Posted on January 10, 2007 by David Laidlaw
Stocks continued to rally throughout the fourth quarter as inflation slowed. The main reason for moderating inflation was the decrease in energy prices which peaked during the summer, fell through the third quarter and stabilized at the end of the year at about $60 per barrel of oil. Even though energy is less important to the overall economy than in the past, the unabated increases in oil and gasoline prices over the past few years rippled through the markets. When this trend reversed itself, many investors felt comfortable bidding up stocks since underlying corporate profits continued to grow.
Stocks generally performed very well and high-quality bond returns were lackluster. The large developing markets of China , India , Brazil and Russia provided stellar returns as they continued to attract investment capital from the developed economies. On the other hand, the oil-based markets in the Mid-East lost significant capital as energy prices stabilized.
On the domestic front, 2006 was the year of turnarounds and cyclical companies. Telecommunications was the best performing sector increasing over 30%. GM, even though it continues to hemorrhage cash, returned 64% and was the best performing company within the Dow Jones Industrial Average. We do not believe these sectors of the market will provide sustained growth since high capital expenditures and competitive pressures will deter future gains.
The consensus view for 2007 is that the economy will continue to grow at a slower pace early in the year, but will accelerate in the second half as residential housing construction and sales rebound. We believe the housing market will stay weak longer than expected. Housing price increases were so strong for so long that the market is in need of a more significant correction. Six years ago, a majority of market strategists opined that the technology sell-off would end as 2000 came to a close and that the NASDAQ would begin increasing again in 2001. However, the market excesses were so substantial that technology stocks continued to decline for two more years until the last bulls capitulated in late 2002. Similarly, we expect housing inventories to stay high and prices to remain depressed longer than expected. The slump could become severe if mortgage rates rise above these still historically low levels.
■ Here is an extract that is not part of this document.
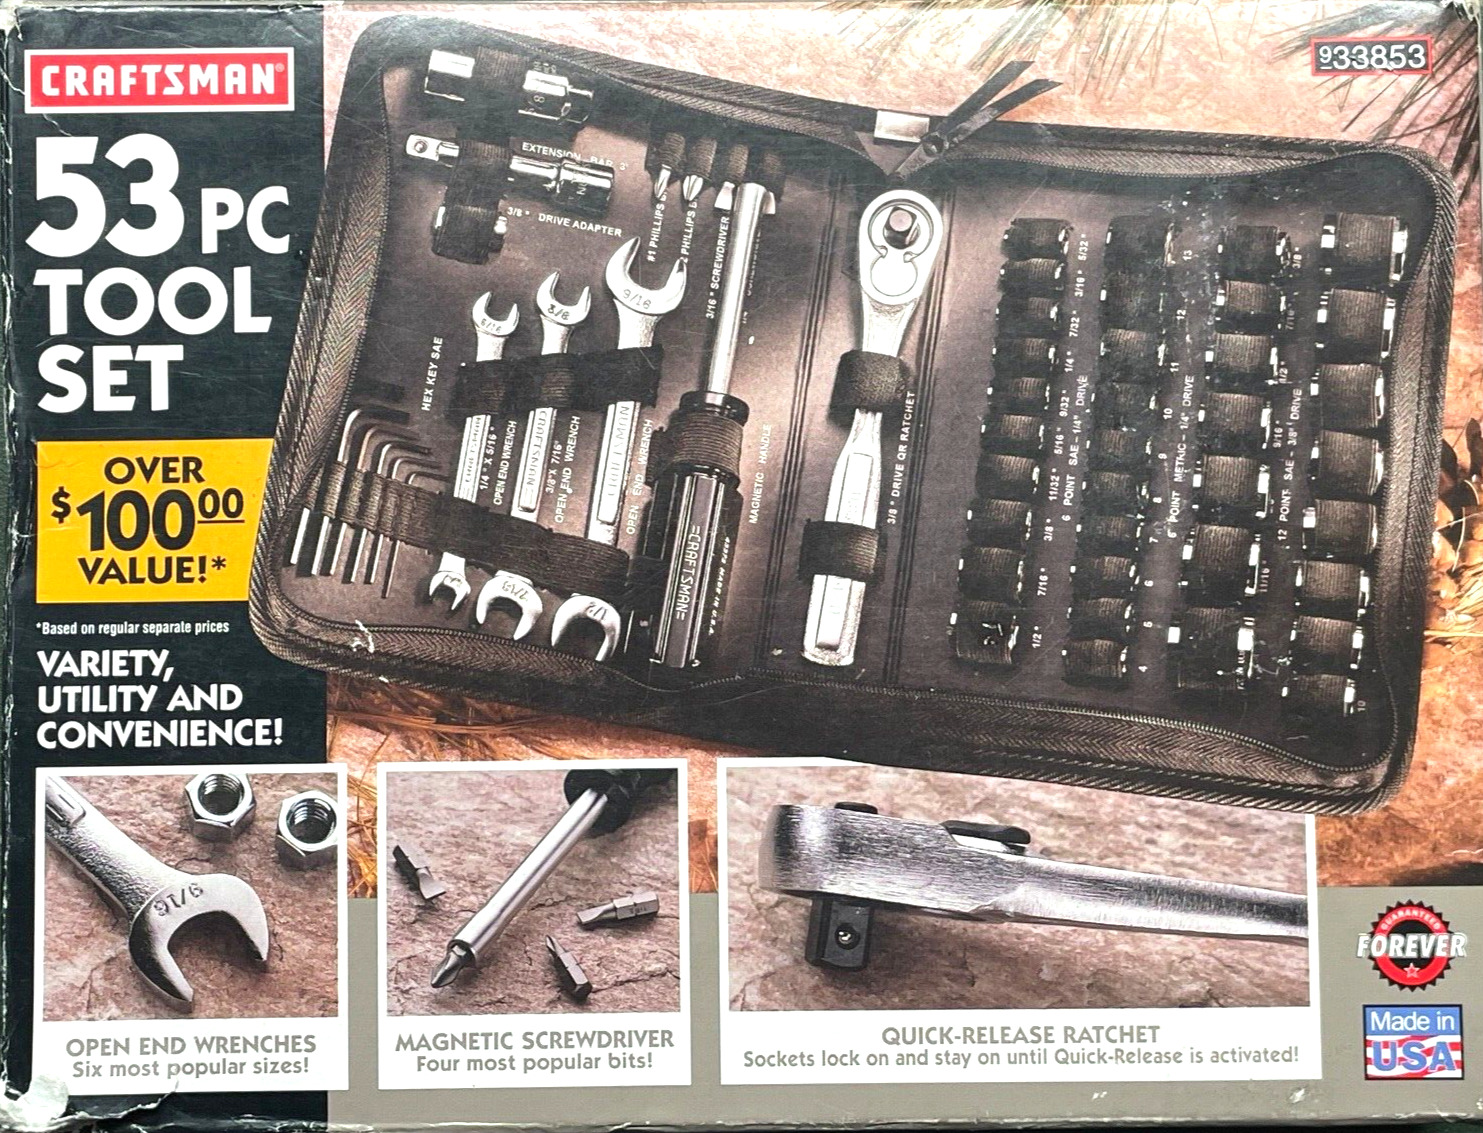 Vintage NOS Craftsman 53pc SAE / Metric Tool Set 33853 Made In USA

We view stocks as fairly valued, but expect corporate profit growth to slow. Compensation expenses will most likely increase due to the tight labor markets with 4.5% unemployment.
The huge amount of liquidity surging around the world may also support stock market levels. Global mergers and acquisitions during 2006 were valued at over $3.8 trillion which is 38% more than during 2005. Private equity investments represented 20% of this volume and these firms are interested in buying larger and larger public companies. Corporate balance sheets are also very strong and should support a favorable market for mergers and acquisitions. Finally, foreign capital usually comes to the US markets after double digit (pre-currency) market gains.